All the while the man who had been a dying boy sat at the table of wealth, and laughed at how business was good, and how easy it was for a person of some knowledge to manufacture plague and mayhem. “It is amazing what can be done, when the blood of the beasts is brought into the house of man, and what sicknesses can be created, and for our benefit” said Marburg. He and his merchant lord ate and drank well, and marveled at the profits that could be had when disaster was rampant, and ignorance rife.
The monk tried to awaken here, but paralysis was upon him, holding him down, making him watch.

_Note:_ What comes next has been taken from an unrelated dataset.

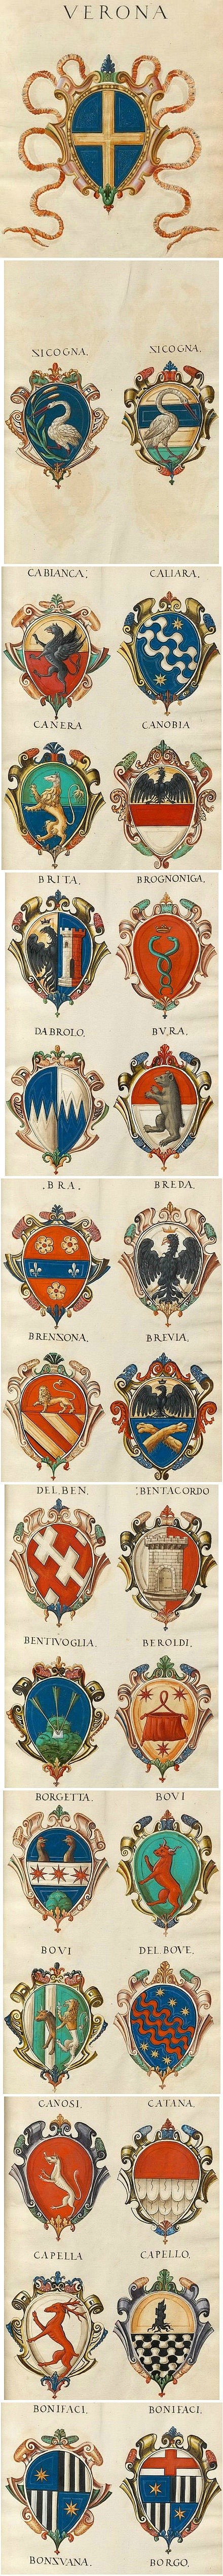 中世纪欧洲贵族族徽设计

The stricken boy was middle aged now, and of fair means. His home was large and his servants many. He was proud that he had risen from humble beginnings all on his own and without any help. He liked to say that one must be willing to seize one’s own life and create your own fortune. You could not rely on the mercy of others. How he squared this with the fact of his own miraculous childhood healing was the question in the mind of the monk as he watched and listened.
But to the man now, all was science and education, and he knew that miracles did not occur. “The monks like to keep the people dreaming of God or magic, and keep the true science at work hidden,” he oft said. He spent his early years educating himself and studying at the feet of many learned men. He knew better than to believe that as a boy he had been brought to health by a rotting old hooded man who lived in the woods and ate dandelions. (He suspected that the monk ate no such thing, but it was always a high point in his talks to others when he referred to “that dandelion eater”.)
The monk awoke from the dream stricken with despair, for even before he had healed the child, he had known that he should not. And now this dream was just confirmation, the writing on the wall of his mind.
That was then, so many, many years back. Today he sat and sipped his tea and honey, and felt the snow on his skin, which soothed. A rider appeared in the distance. He appeared to struggle in the weather, and eventually arrived at the feet of the monk.
“Oh sir, you must come. The leaders are calling out for you, for a plague has hit the city on the plain, and many have already died. The food is short, and some have taken up the children for food. It is hell. Have mercy upon us, and come.”
The monk nodded his head, grabbed his staff, and whistled for his horse. “I will do what I can, and what is right,” he said, heart in mourning.